The industry is so ingrained in what it does that even a revolutionary approach is unlikely to succeed. Back in the late ’80s, when RTL synthesis was beginning to be accepted, it was easy to put the old and new methodologies side by side and compare the results and the productivity. The results were inferior to the best designers at the time, but it provided a 10X or more productivity boost. What new language, tool or methodology could we set against what we have today that would provide that sort of comparison?
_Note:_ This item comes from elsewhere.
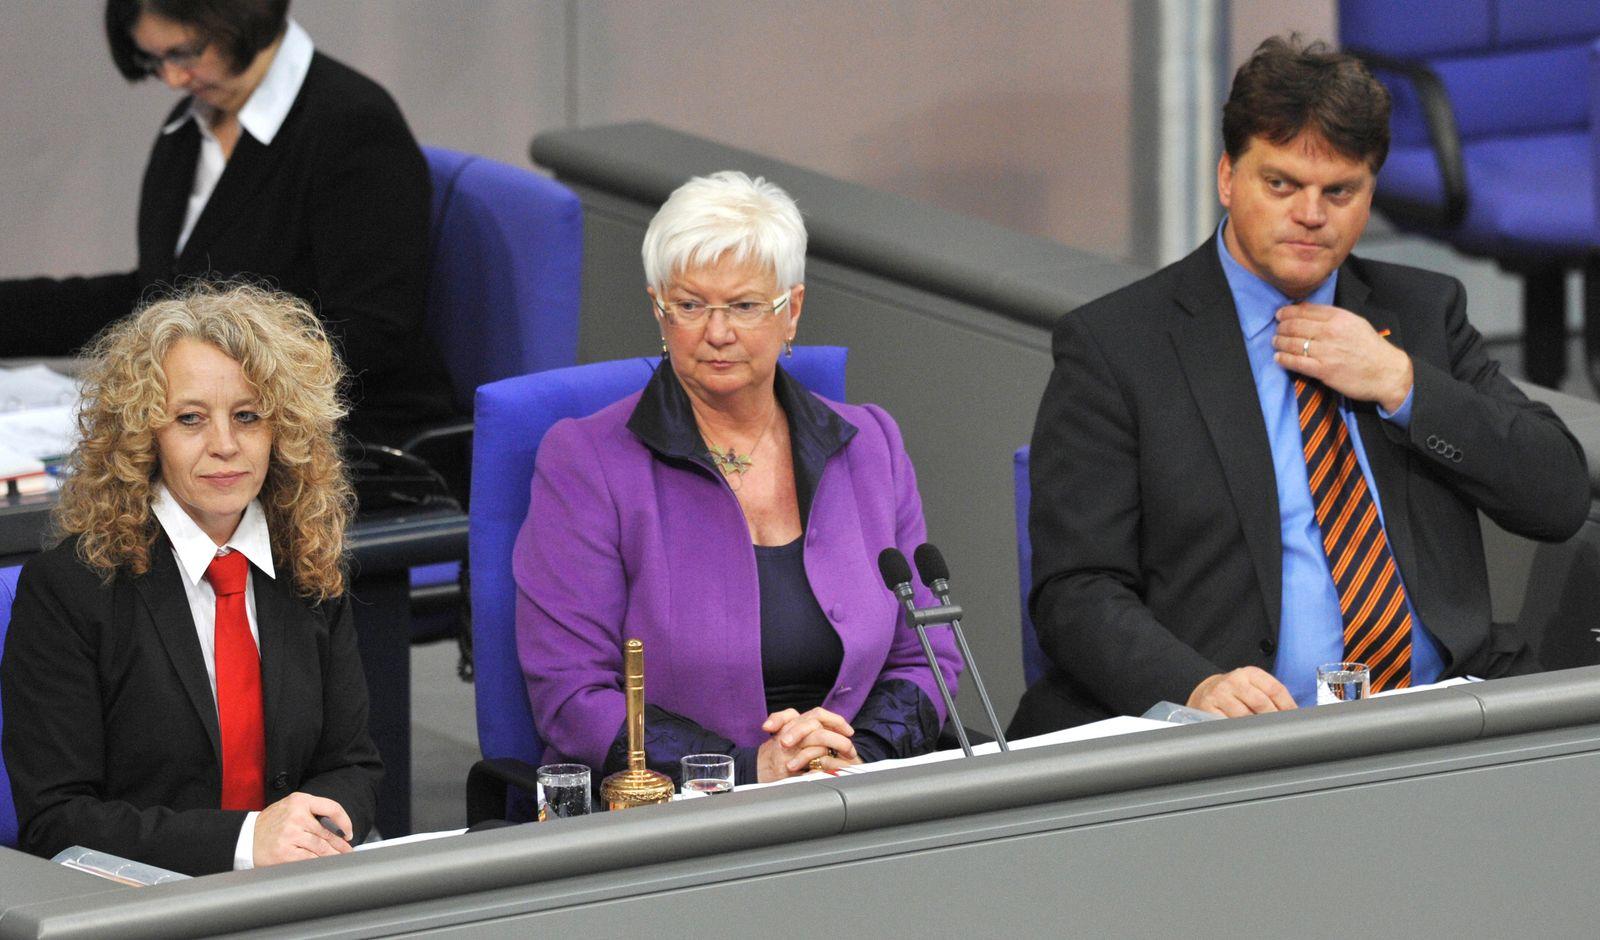 Bundestag Krawattenzwang

The EDA industry has tried several times. While clearing out some old records, I recently came across a 100 page report I compiled while working for one of the major EDA companies. It was a plan to develop an Electronic System Level (ESL) tool suite and methodology that would advance both the design and verification aspects of the methodology equally. It was based on existing tools within the company, some new technologies that needed to be acquired, some research programs that would be funded, and an insertion plan that showed how to demonstrate the effectiveness of the methodology.

It was always that last part that presented the problems, even by companies actively pushing us to head in that direction. It was their internal research groups that wanted to make the changes, but they were also notoriously unsuccessful at persuading their own development teams to even take a look, let alone adopt.

Change is tough and while existing methodologies do not completely fall apart, they are unlikely to see significant change. It is easier and safer to look for incremental changes and patches to what is already in place.



1 comments

Jim Lewis says:

You referred to FPGA as the niche market. A number I heard some time back is that there something like 30 FPGA starts for every ASIC start?

Do you have a different number? Because I see design as being either ASIC or FPGA. Hence, in terms of number designers, it would seem like that perhaps FPGA is dominant.

Or are you talking in terms of dollars spent in the market? In which case ASIC tools and SystemVerilog simulators are clearly more expensive than FPGA tools and VHDL simulators?